3. How do Flink and Iceberg solve the problem

Back to the heart of the matter, here’s how Flink and Iceberg have solved a series of problems encountered in Part I.

1. Case #1: A program BUG causes data transfer to be interrupted

First of all, the synchronization link with Flink, can guarantee the semantics of exactly once, when the job failure, can do strict recovery, to ensure the consistency of data.

The second is Iceberg, which provides rigorous ACID semantics to help users easily isolate the negative effects of writes on analysis tasks.

2. Case #2: Data changes are too painful

As shown above, when data changes occur, Flink and Iceberg solve this problem.

Flink can capture the upstream Schema change event, and then synchronize the event to the downstream. After synchronization, downstream Flink directly forwards the data down, and then to the storage. Iceberg can instantly change the Schema.

When it comes to DDL such as Schema, Iceberg directly maintains multiple versions of Schema, and then the old data sources are completely unchanged. New data are written to new Schema, and one-key Schema isolation is achieved.

Another example is the problem of zoning changes. The Iceberg approach is shown in the figure above.

Previously, partitioning was done according to “month” (yellow data block above). If you want to change the Partition according to “day”, you can directly change the Partition with one key. The original data remains unchanged, and all new data are partitioned according to “day”, with ACID isolation semantics.

3. Case #3: Slower and slower near-real-time reporting?

A third problem was the pressure that small documents put on Metastore.

First of all, for Metastore, Iceberg saves the original data uniformly to the file system and then maintains it in the form of metadata. In fact, the whole process eliminated the centralized Metastore and relied only on file system extensions, so it was more scalable.

Another problem is that there are more and more small files, which makes data scanning slower and slower. Flink and Iceberg offer a number of solutions to this problem:

  • The first solution is to optimize the small file size by shuffling a Bucket. Shuffle is a small file size.
  • The second scenario is a batch job that periodically merges small files.
  • The third solution, which is relatively smart, is to automatically and incrementally merge small files.

4. Case #4: Analyzing CDC data in real time is difficult

  • The first problem is the synchronization of full volume and incremental data.
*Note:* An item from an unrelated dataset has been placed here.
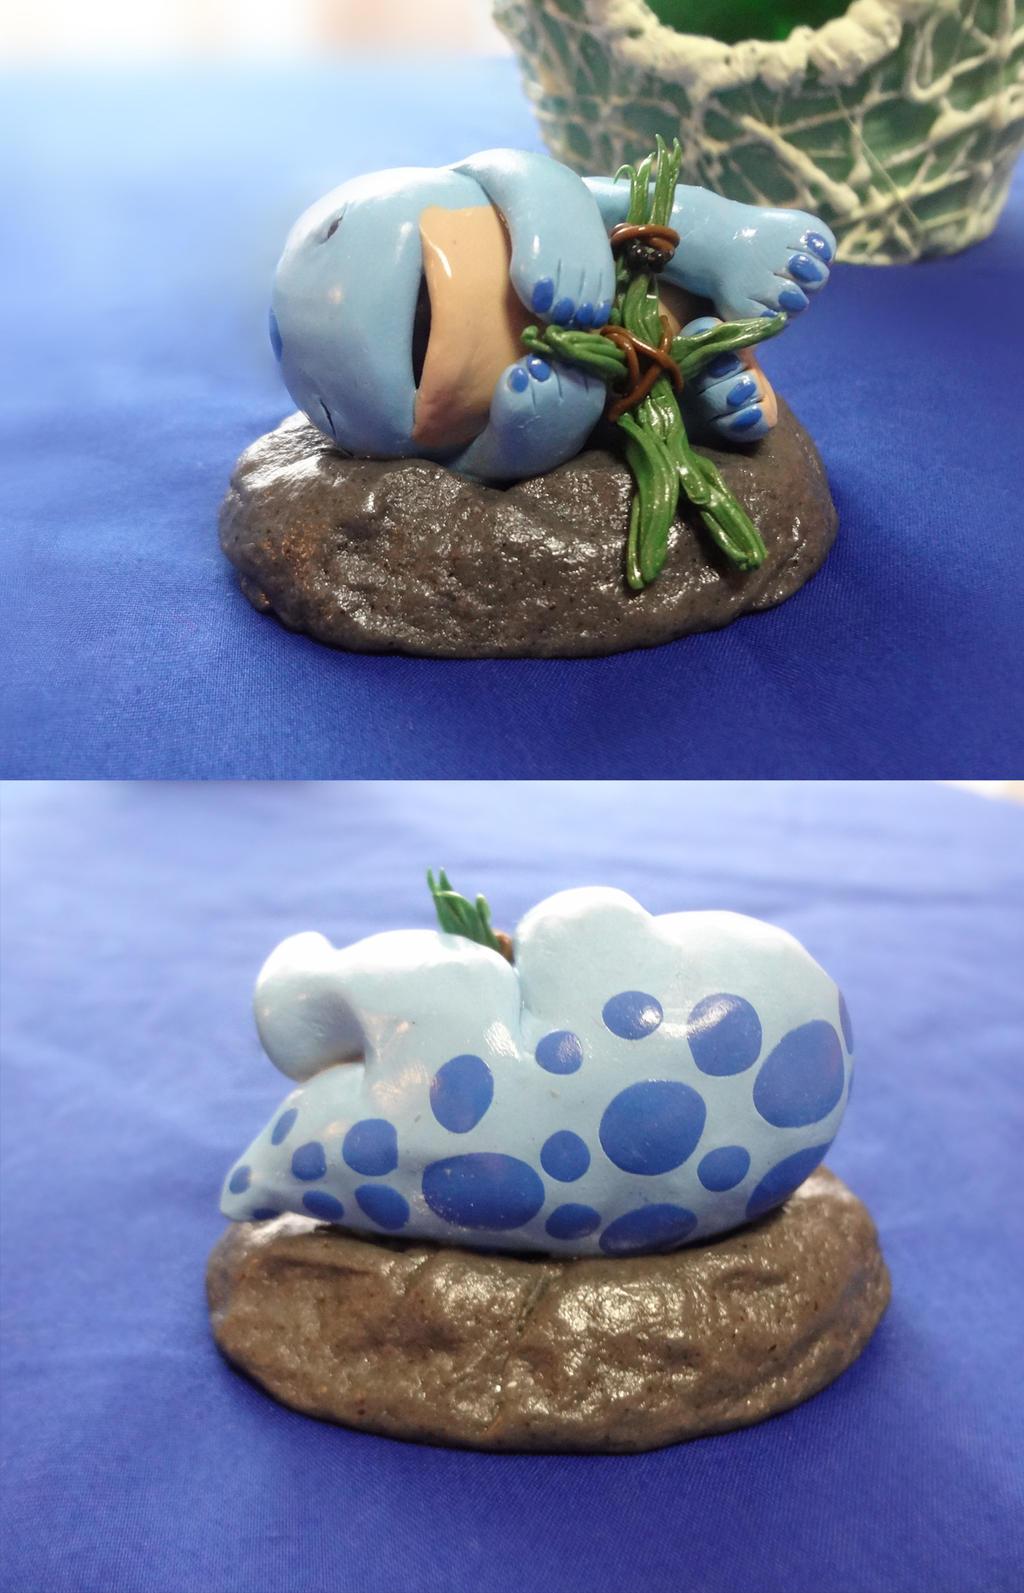 Sleeping quaggan figurine

In fact, the community already has the Flink CDC Connected program, which means that Connected can automatically do the seamless connection between full volume and incremental data.

  • The second problem is how to ensure that the Binlog rows are synchronized to the lake, even if there are exceptions in the process.
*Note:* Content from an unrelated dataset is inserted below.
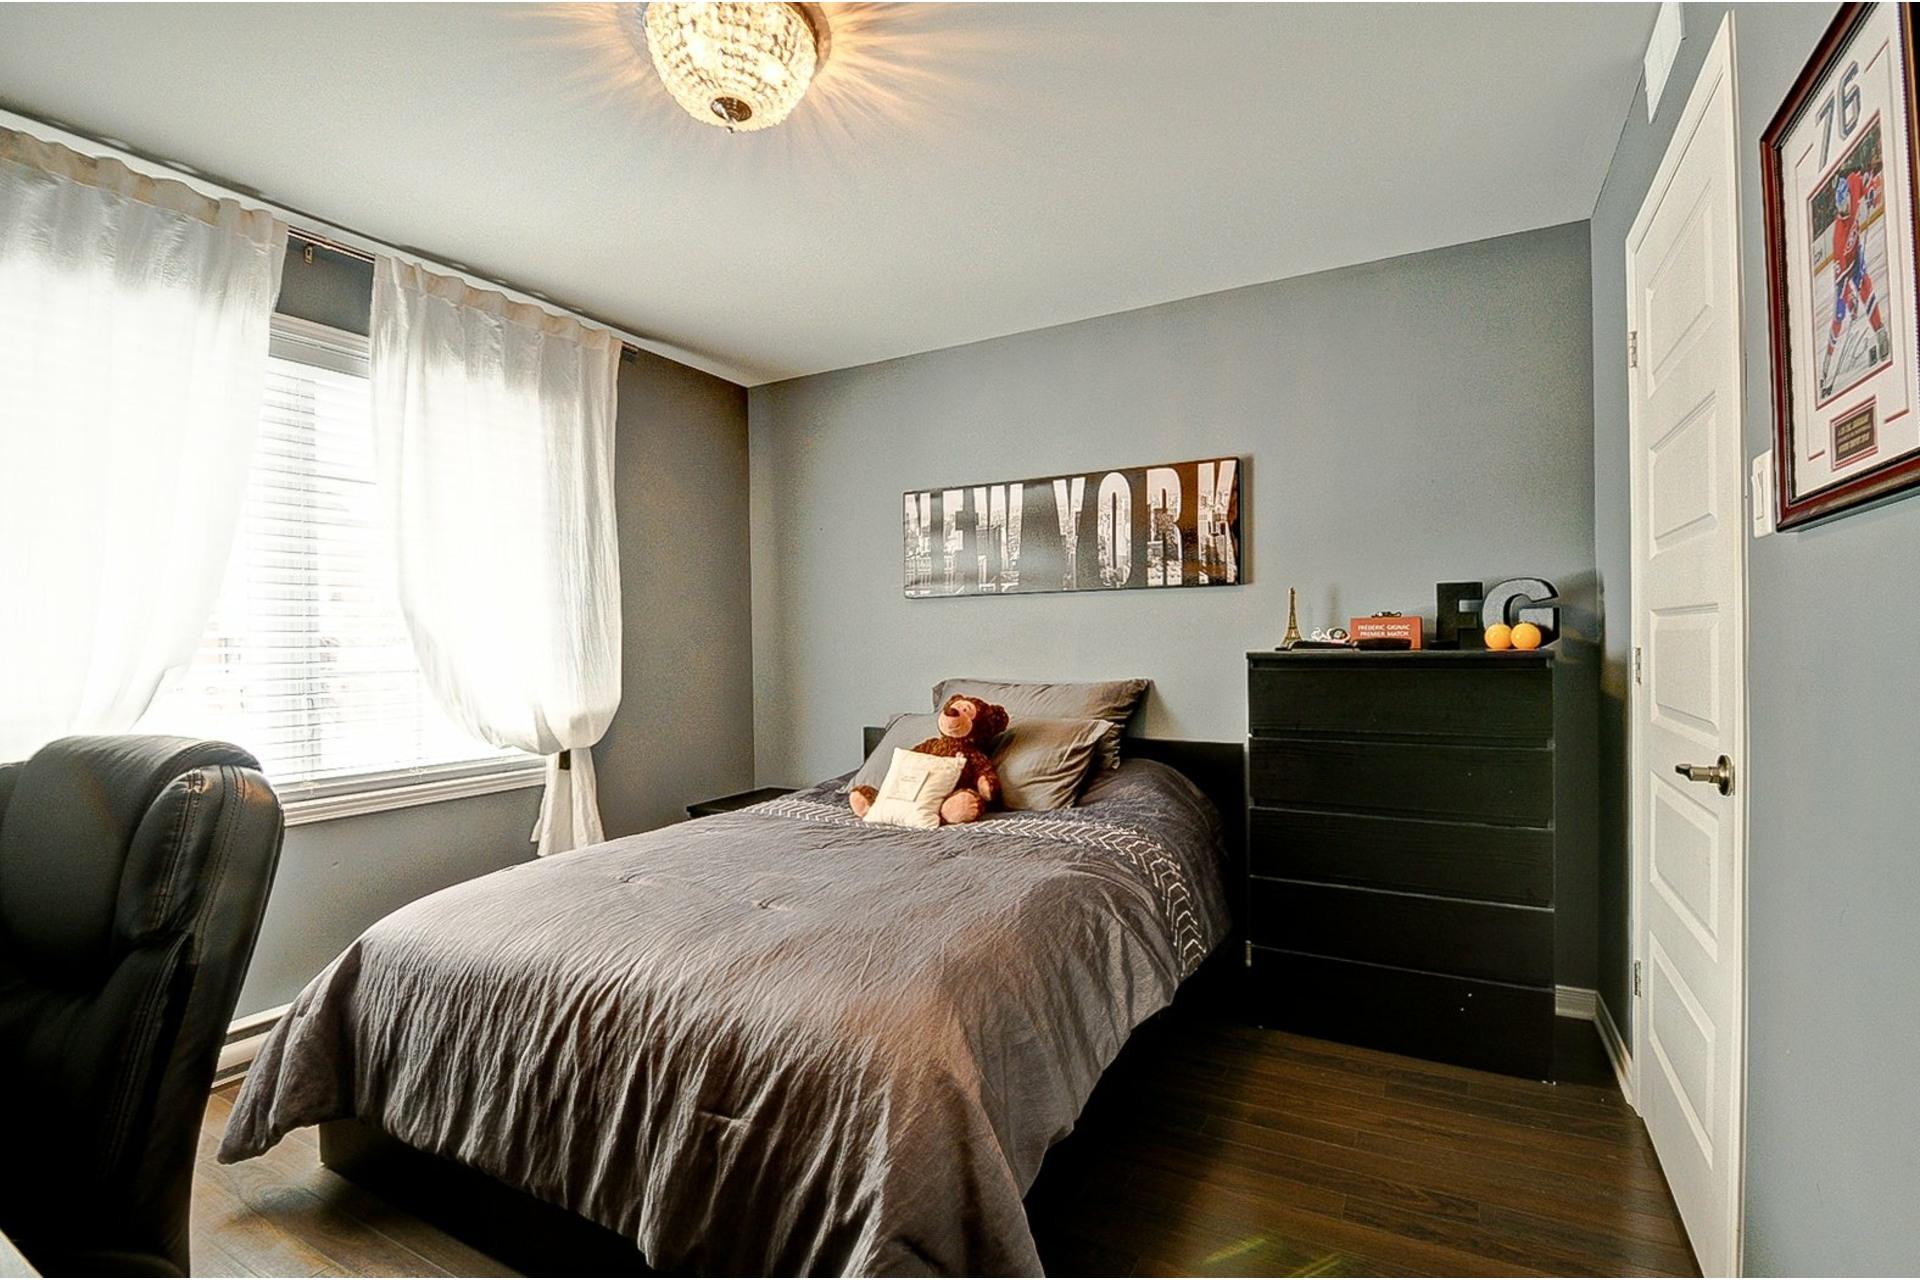 image 15 - Apartment For sale Vaudreuil-Dorion - 7 rooms

    For this problem, Flink does a very good job of identifying different types of events at the Engine level, and then using Flink’s Exact Once semantics, it can automatically recover and handle failures.

  • The third problem is that building the entire link requires a lot of code development, and the barriers are too high.

    After using Flink and Data Lake, you only need to write a source table and a sink table, and then an INSERT INTO, and the whole link can be opened without writing any business code.

  • Finally, how the storage layer supports near real-time CDC data analysis.

IV. Community Roadmap

The map above shows Iceberg’s Roadmap. It can be seen that Iceberg only releases one version in 2019, but releases three versions directly in 2020, and becomes a top project at version 0.9.0.

The Roadmap for Flink and Iceberg, shown above, breaks down into four phases.

  • The first stage is to link Flink to Iceberg.
  • The second stage is Iceberg replacing the Hive scenario. In this scenario, a lot of companies have started to go online, landing their own scene.
  • The third stage is to solve more complex technical problems through Flink and Iceberg.
  • The fourth stage is to transform this set from a simple technical solution to a more complete product solution.